Even if this is so, should we think that the best way to take responsibility for those debts is to implement debt forgiveness? As we have seen, some have expressed concerns that forgiving debts would be, in some way, “unfair”. There are two kinds of unfairness that we might consider: first, it might seem to be unfair to those who have already paid off their student loans through years of hard work; second, it might seem to be unfair to those who have to pay for someone else’s debt – Warren’s proposal to finance her debt forgiveness plan, for example, is to generate funds from a tax increase on the extremely wealthy, and one might think it unfair that these individuals should have to cover the debts of someone else. Would a debt-forgiveness proposal be unfair in these ways, and if so, is that good enough reason to say that it shouldn’t be implemented?

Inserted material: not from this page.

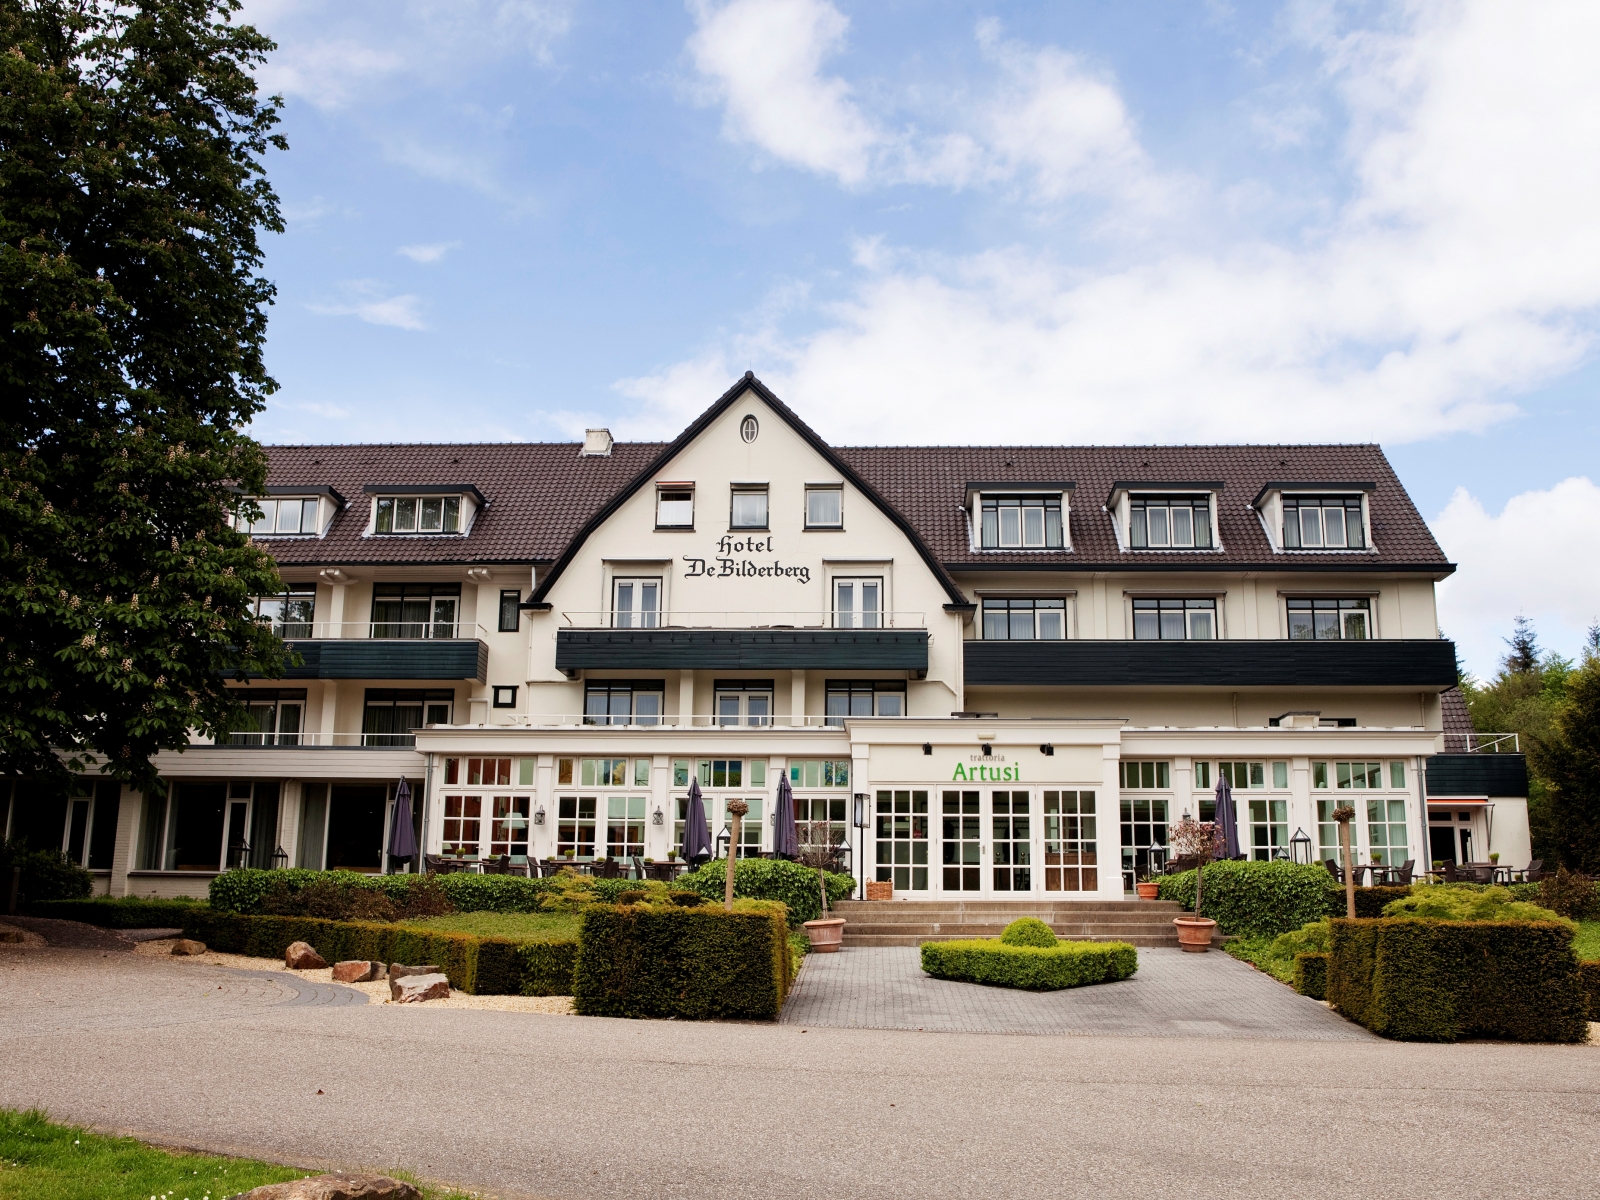 Hotel De Bilderberg <br/>87.00 ew <br/> <a href='http://vakantieoplossing.nl/outpage/?id=eccf66789ca574e75879b2988d309b0b' target='_blank'>View Details</a>

While these concerns about fairness might seem like appealing reasons to reject debt forgiveness, upon closer inspection they do not stand up to scrutiny. Consider the first worry: if a debt forgiveness plan is implemented it will indeed be the case that there will be some people who have just finished paying off their debt prior to the policies taking effect and so will not be able to take advantage of their debt being forgiven. It would then seem unfair to privilege one group over another, where the only relevant difference is that the former took on their debt later than the latter. But it is hard to see why this should result in not having any debt forgiveness at all: the argument that “well if I don’t get it, they shouldn’t either!” does not solve any problems. This is not to say that such unfairness should not be addressed at all – perhaps there could be some kind of reimbursement of those who paid off debt before it was forgiven – but it does not seem like a good enough reason to not offer any debt forgiveness to anyone. The second worry similarly fails to hold much water: unless someone takes issue with the idea of taxation in general, then there does not seem to be anything particularly unfair about having the extremely wealthy pay more to aid others.
There are, of course, many factors to take into consideration when considering something like a debt-forgiveness plan, and Warren’s plan in particular. Regardless, it seems that given the severity of the student debt problem, and that the factors that contributed to the problem are largely out of the control of the students themselves, that the responsibility for student debt cannot fall solely on the students themselves.